## Task item
Nothing but the lines from the one containing "DIVA Gift Collections by Tyler" through the last line of the data below should be returned, each exactly as it stands, pictures excluded.

## Dataset extract
╔══
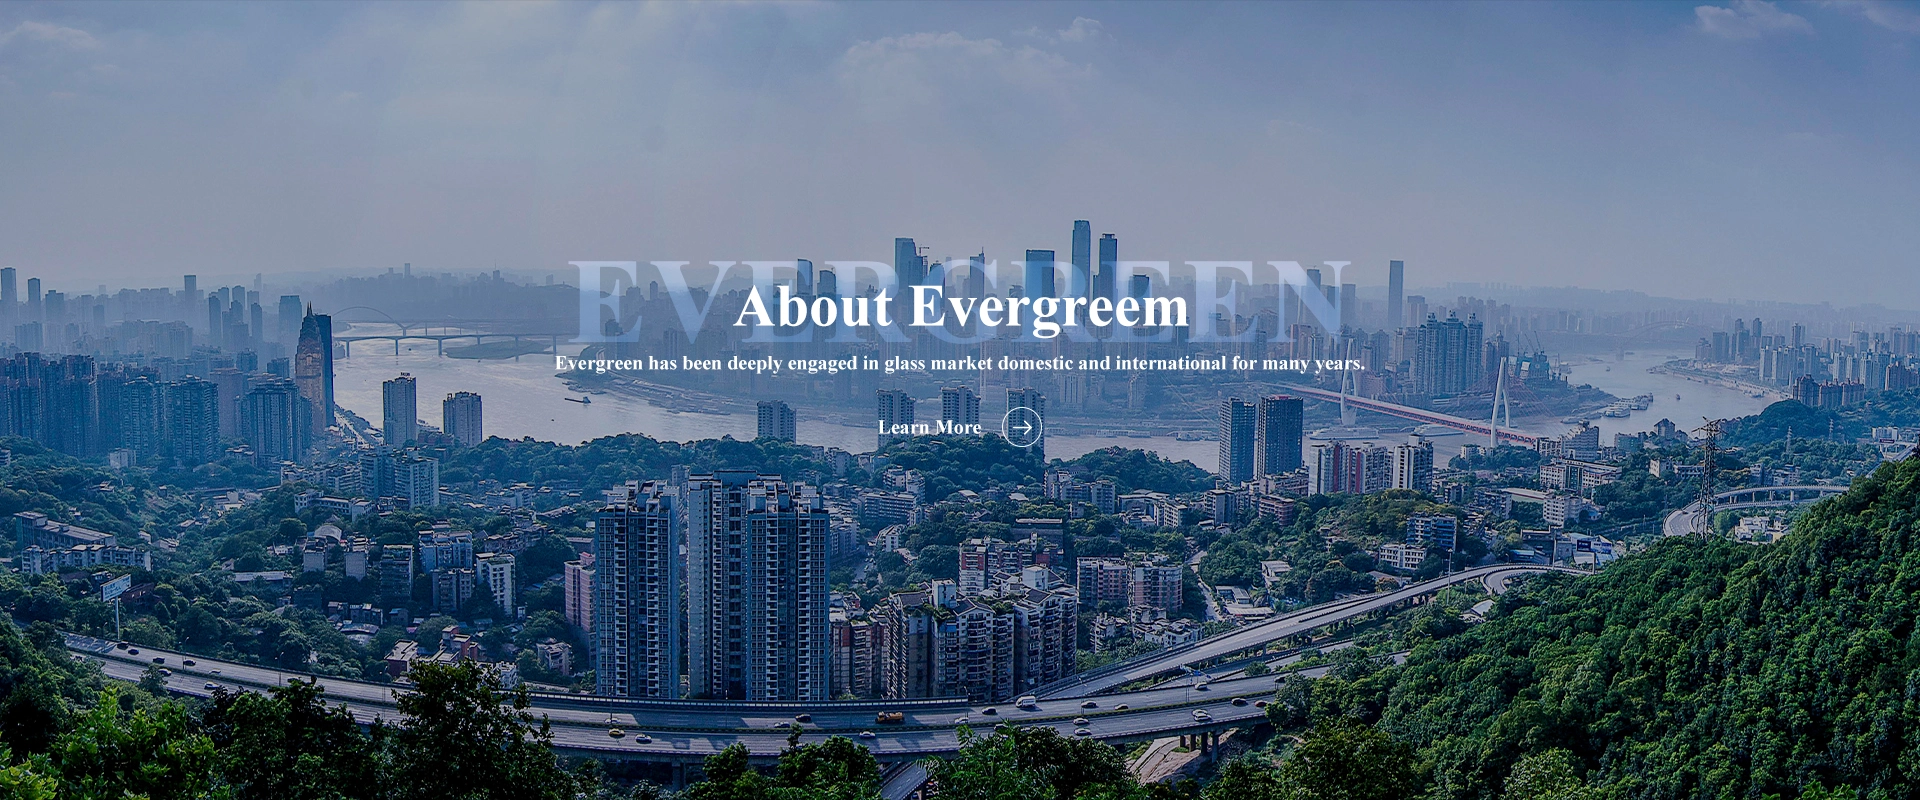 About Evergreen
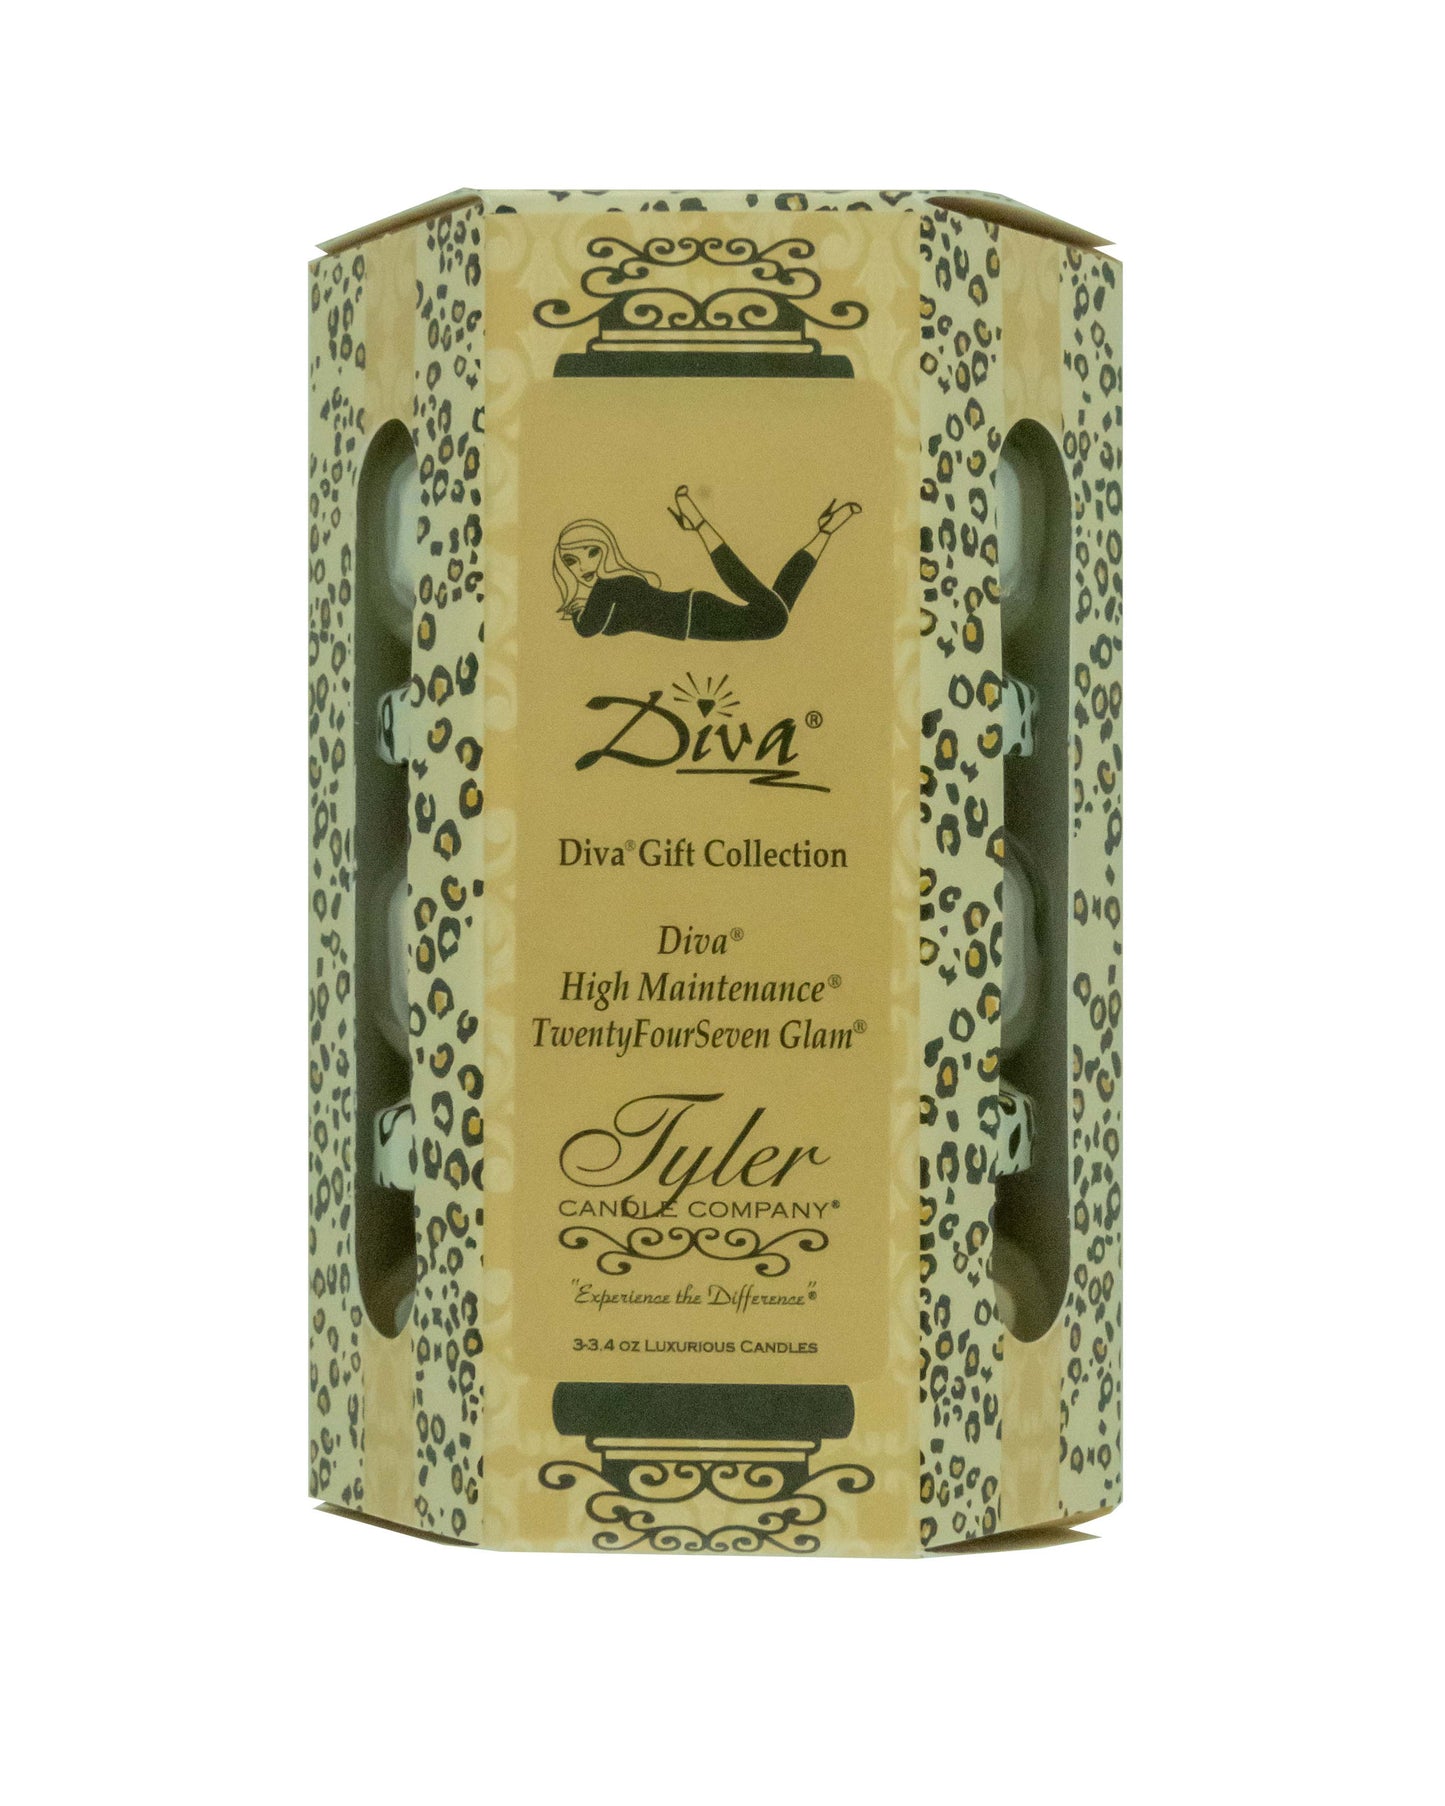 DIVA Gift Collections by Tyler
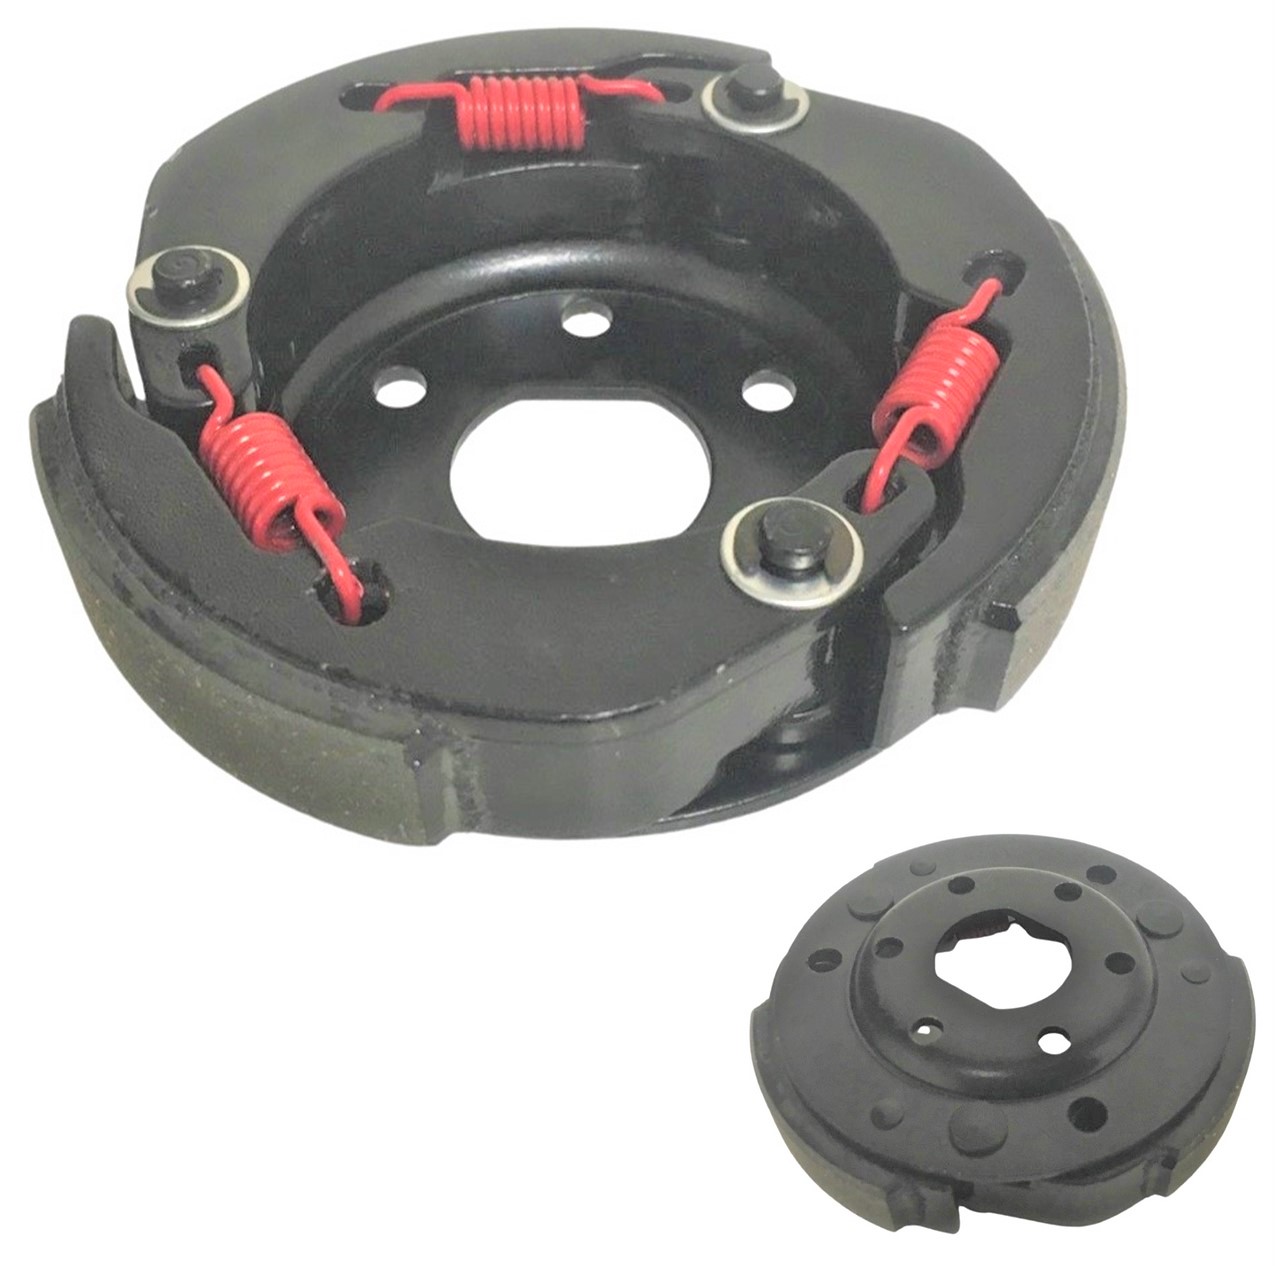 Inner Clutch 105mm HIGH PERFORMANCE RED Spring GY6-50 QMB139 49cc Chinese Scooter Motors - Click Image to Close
╚══
## Written solution
 DIVA Gift Collections by Tyler
 Inner Clutch 105mm HIGH PERFORMANCE RED Spring GY6-50 QMB139 49cc Chinese Scooter Motors - Click Image to Close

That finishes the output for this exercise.